UPDATED ON:
Sunday, April 20, 2008
02:13 Mecca time, 23:13 GMT
 
News Europe
French activist Tillion dies
Tillion was credited of having brokered peace between Algeria and France [AFP]
Germaine Tillion, the renowned French activist and writer, has died at the age of 100.
 
Tillion, who played a crucial role in brokering peace between France and Algeria during the second world war, died on Saturday at her home in Saint-Mande in Paris, Tzvetan Todorov, the head of the Germaine Tillion Association, said.
Nicolas Sarkozy, the French president, had written to Tillion in May 2007, wishing to bestow on her "the affection of the entire nation".
"Anthropology, feminism, of course, the resistance, deportation, the fight for social justice, the war in Algeria, but also so many books, so many research works ... It is not possible for me to evoke here every aspect of such a beautiful and important life," said Sarkozy.
 
Prestigious awards

Tillion was one of France's most-decorated people, being one of just five women to have been awarded the Grand Cross of the Legion d'honneur, one of France's highest distinctions.

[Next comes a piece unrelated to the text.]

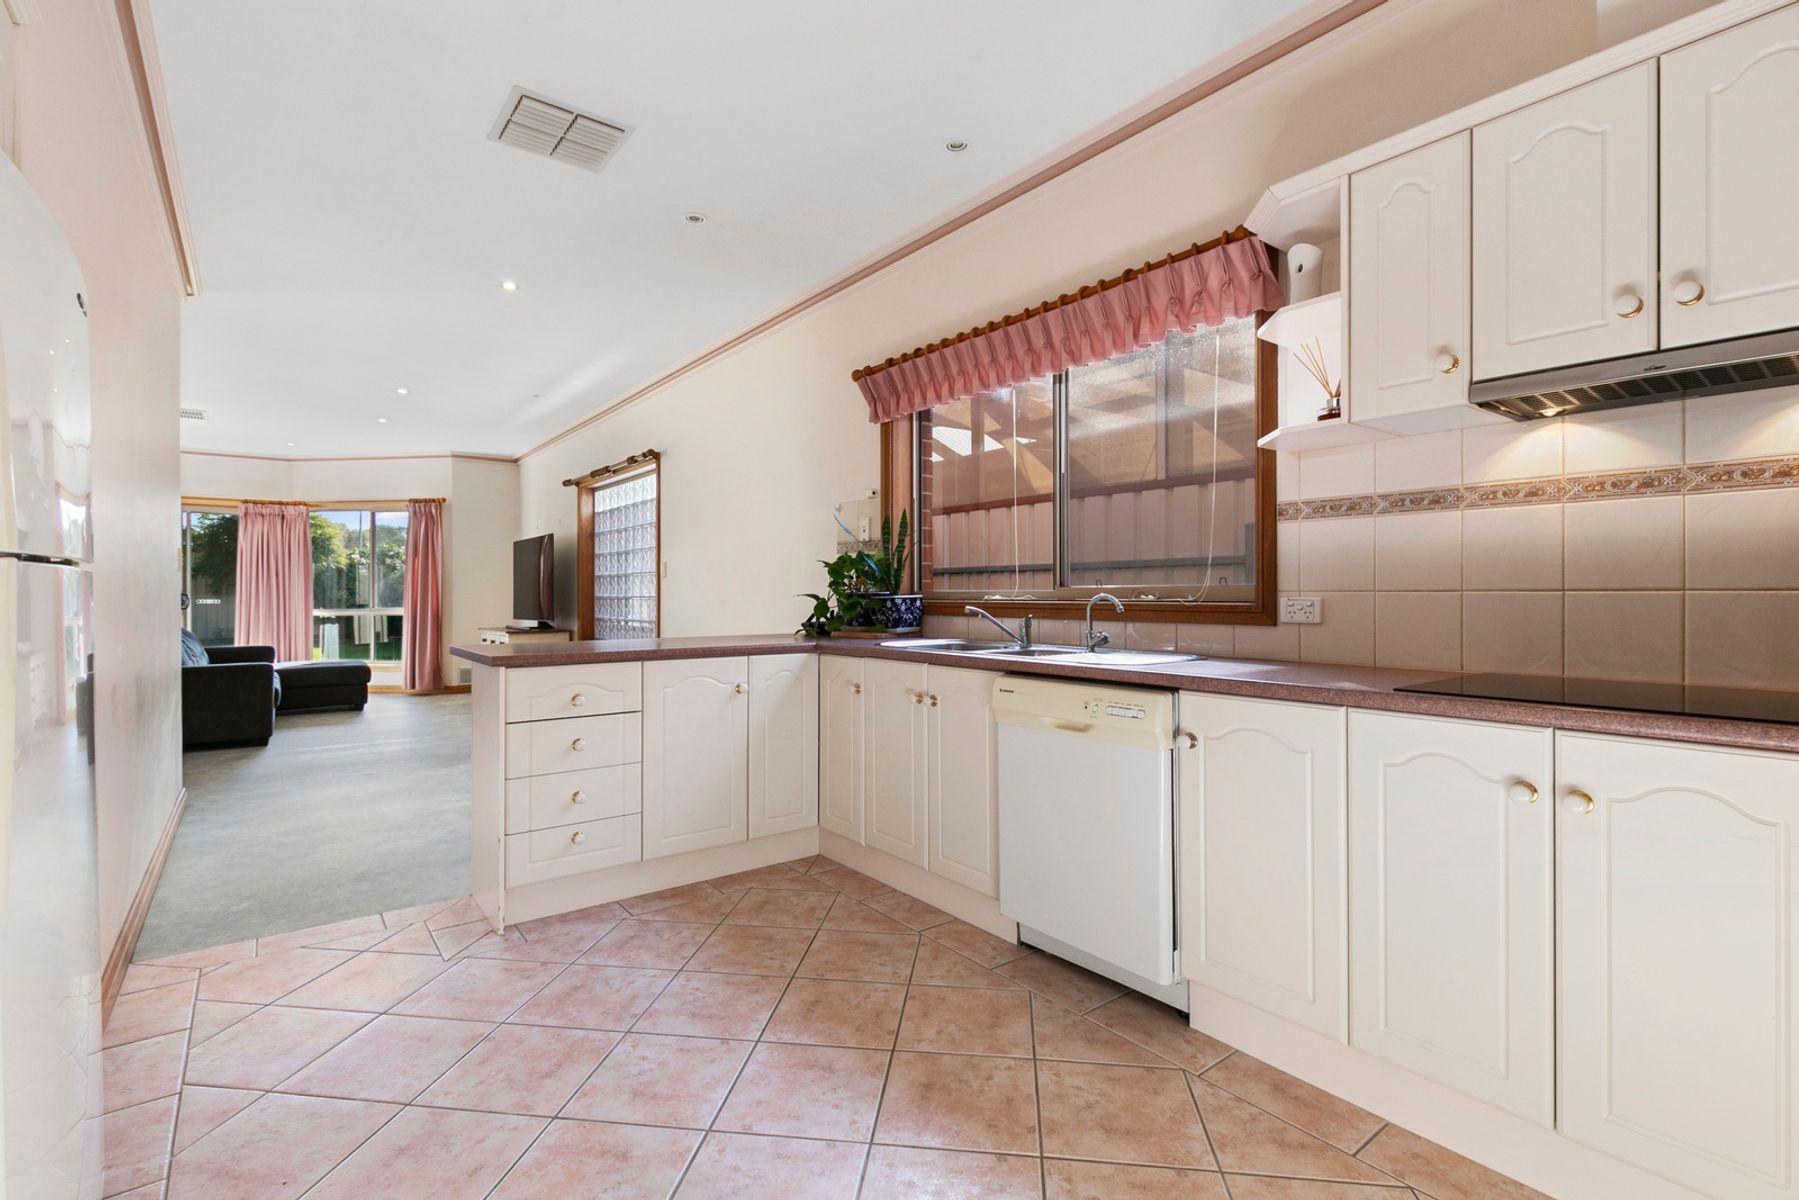 7A Coronation Road, Strathalbyn, SA 5255

Germany awarded her the title of "Commander of the Order of Merit of the Federal Republic" in 2004.

It was Tillion's wartime activities that first brought her wider public attention.

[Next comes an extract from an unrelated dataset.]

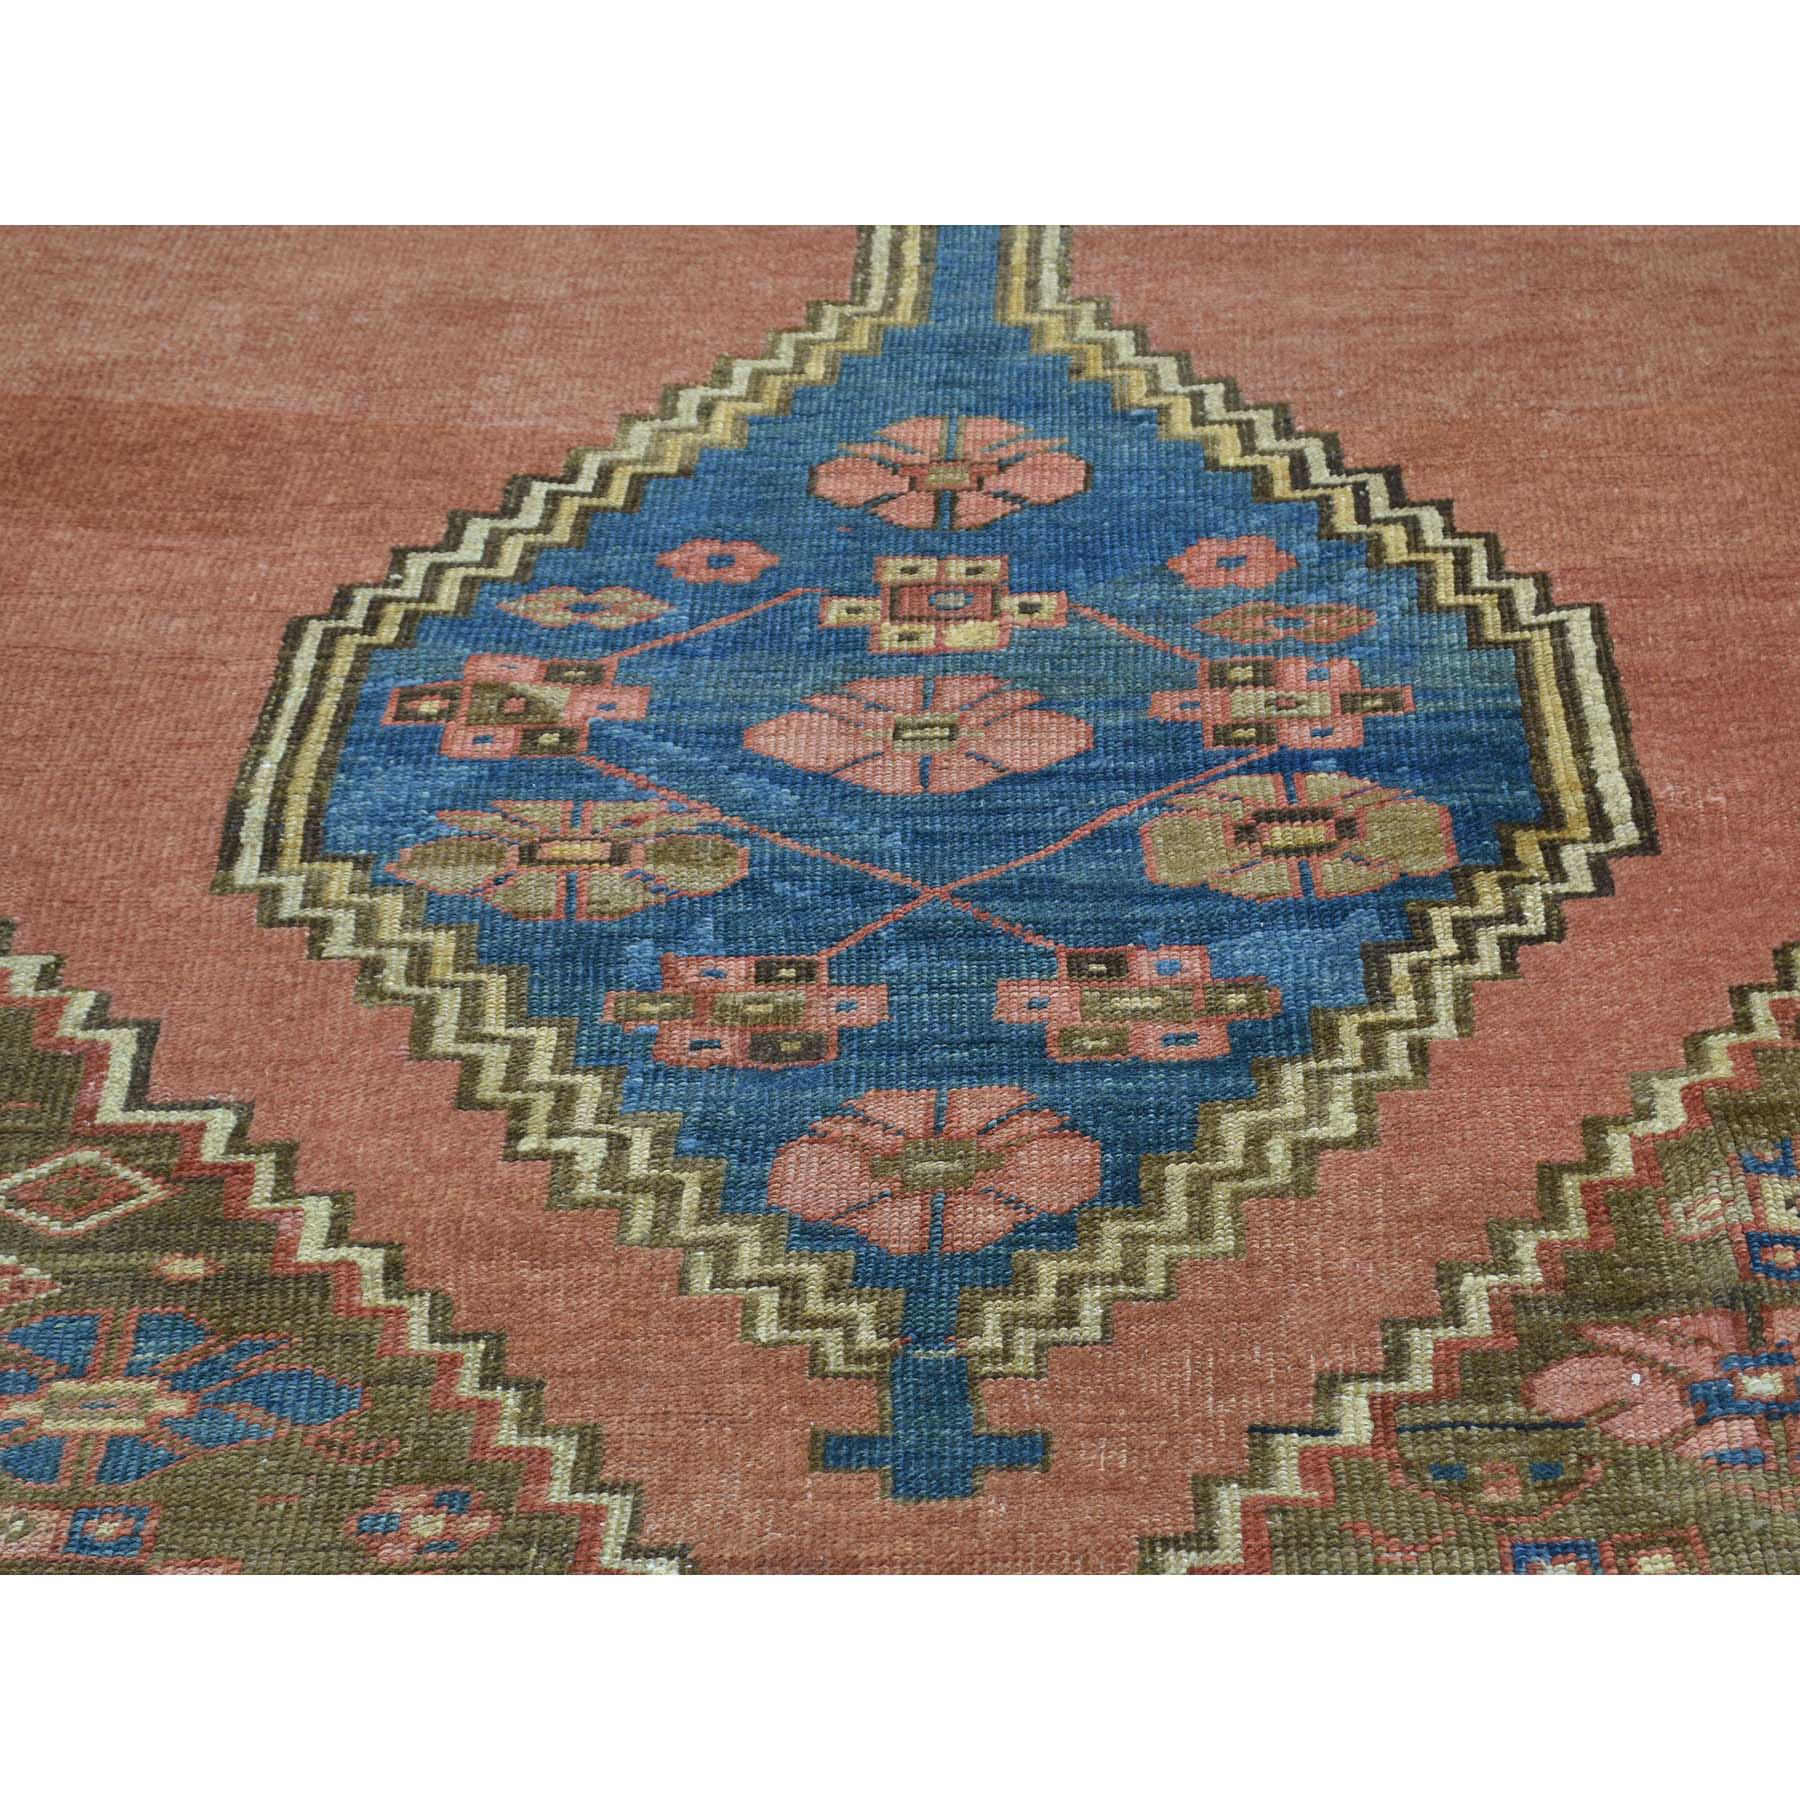 10-8 x14-1  Handmade Original Antique Persian Bakshaish Mint Cond Rug

She was the founding member of the "Museum of Mankind" intellectual resistance network during the second world war.

She returned to Algeria after the war on behalf of the French government and played a key role in brokering truce between the two states.

Tillion was a celebrated author and her book "The Republic of Cousins: Women's Oppression in  Mediterranean Society" in which she examined the social position of women across North Africa and the eastern Mediterranean shore, is regarded as one of her most prolific works.